手作り豆乳ヨーグルトをそのままいただいても、もちろんおいしいです。ただ、手作りの豆乳ヨーグルトは、水分とヨーグルトが分離しやすいです。しかし、分離したヨーグルトはギリシャヨーグルトのように濃厚でとてもおいしいです。

また、豆乳ヨーグルトの分離した水分のホエーには、たんぱく質やカルシウム、大豆イソフラボンなどの栄養素や乳酸菌が豊富に含まれています。

そこで、濃厚豆乳ヨーグルトやホエーを使った、ダイエット中にも嬉しい簡単ヘルシーレシピをご紹介します。

・濃厚豆乳ヨーグルトディップ:

ホエー(水分)と分離して濃厚になった豆乳ヨーグルトを、スティックサラダなどにつけていただきます。食べるとクリームチーズのような味わいです。豆乳ヨーグルトは牛乳からできているクリームチーズよりカロリーを抑えられます。また、黒粒こしょうとオリーブオイルをかけると、ヘルシーなお酒のおつまみにもなります。

以下の写真のように、できた豆乳ヨーグルトをすくうと、次の日には自然にホエー(水分)とヨーグルトが分離します。面倒な水切りをしなくても濃厚なヨーグルトができるため、楽チンです。

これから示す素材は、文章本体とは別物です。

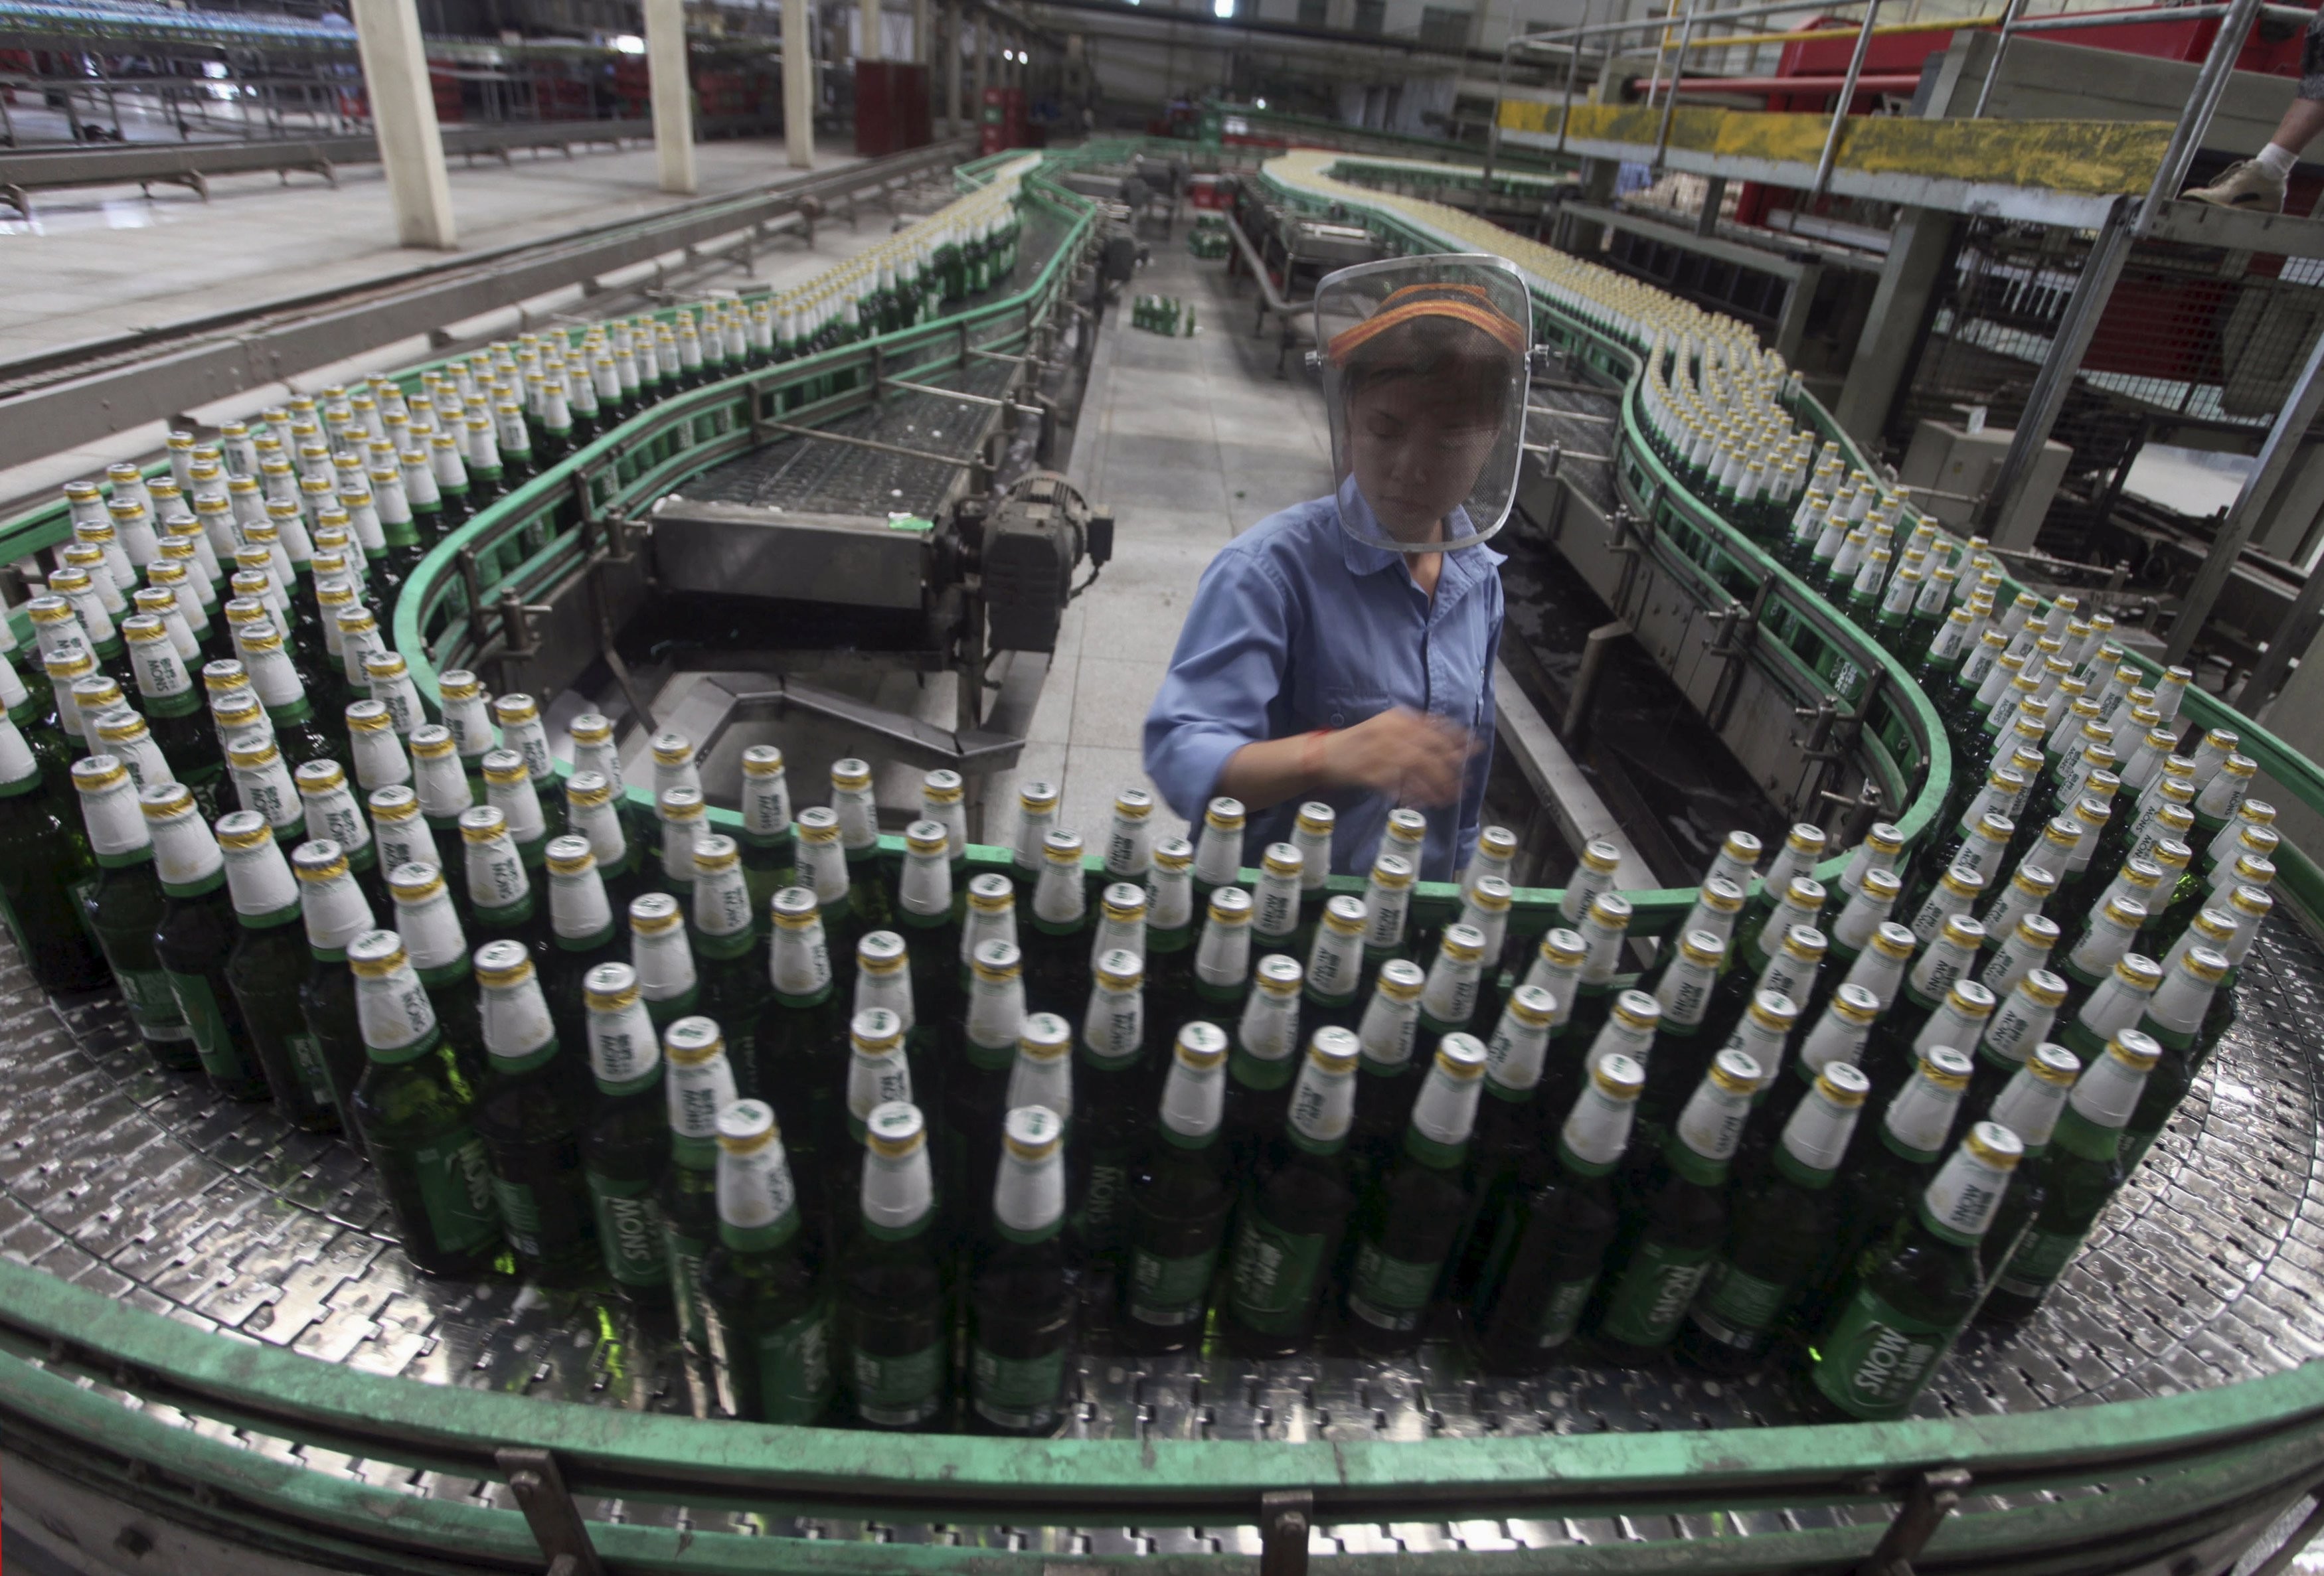 Chinese breweries are recovering from stagnated beer consumption in recent years, as the results showed

ホエーの分離は自然に進むため、豆乳ヨーグルトの凝縮度は日ごとに増していきます。やわらかいヨーグルトを食べたいときは、ホエーと混ぜてやわらかさを調整してください。

・濃厚豆乳ヨーグルトのハニートースト:

トーストに、ホエーと分離してできた濃厚豆乳ヨーグルトを塗ります。はちみつをかけたらできあがりです。ナッツやシナモンをトッピングするとさらに美味しいです。カロリーが気になる方は、はちみつなしでもおいしいです。

・豆乳ホエーラッシー:

ホエー適量と豆乳を合わせて200g にし、混ぜます。レモン果汁大さじ1とはちみつ大さじ2(レモンと甘さはお好みで調節してください)を加えて混ぜればできあがりです。はちみつが溶けにくいため、よく混ぜましょう。

・ホエー入りミネストローネ(2人分):

さいの目切りにした好きな野菜とベーコン(お好みで)を鍋に入れて軽く炒めます。具材がひたひたになるくらいまで、水とホエーを合わせて300ml加え、ローリエ(スープに入れると美味しいハーブ)を入れて沸騰させます。

沸騰したらあくとローリエをとります。ケチャップ大さじ2、コンソメ大さじ1 を加え、塩コショウで味を整えたらできあがりです。

生のトマトやトマト缶を使うことが多いですが、このようにケチャップでも簡単にできます。ケチャップで作ったとは思えないほど、コクがあって美味しくなります。また、野菜の甘みや旨みがでるため、ホエーの酸味は特に感じません。

ホエーは酸味があるため、トマトやカンキツ類など酸味がある食材と合わせると、美味しくいただけます。

豆乳ヨーグルトは、ヘルシーなデザートとしてダイエット中でも安心していただけます。ヨーグルトに含まれる乳酸菌や豆乳の大豆イソフラボンが、女性のダイエットの強い味方になって働きます。

豆乳ヨーグルトをデザート以外でもさまざまな料理に使って、楽しく美味しくダイエットに役立てましょう。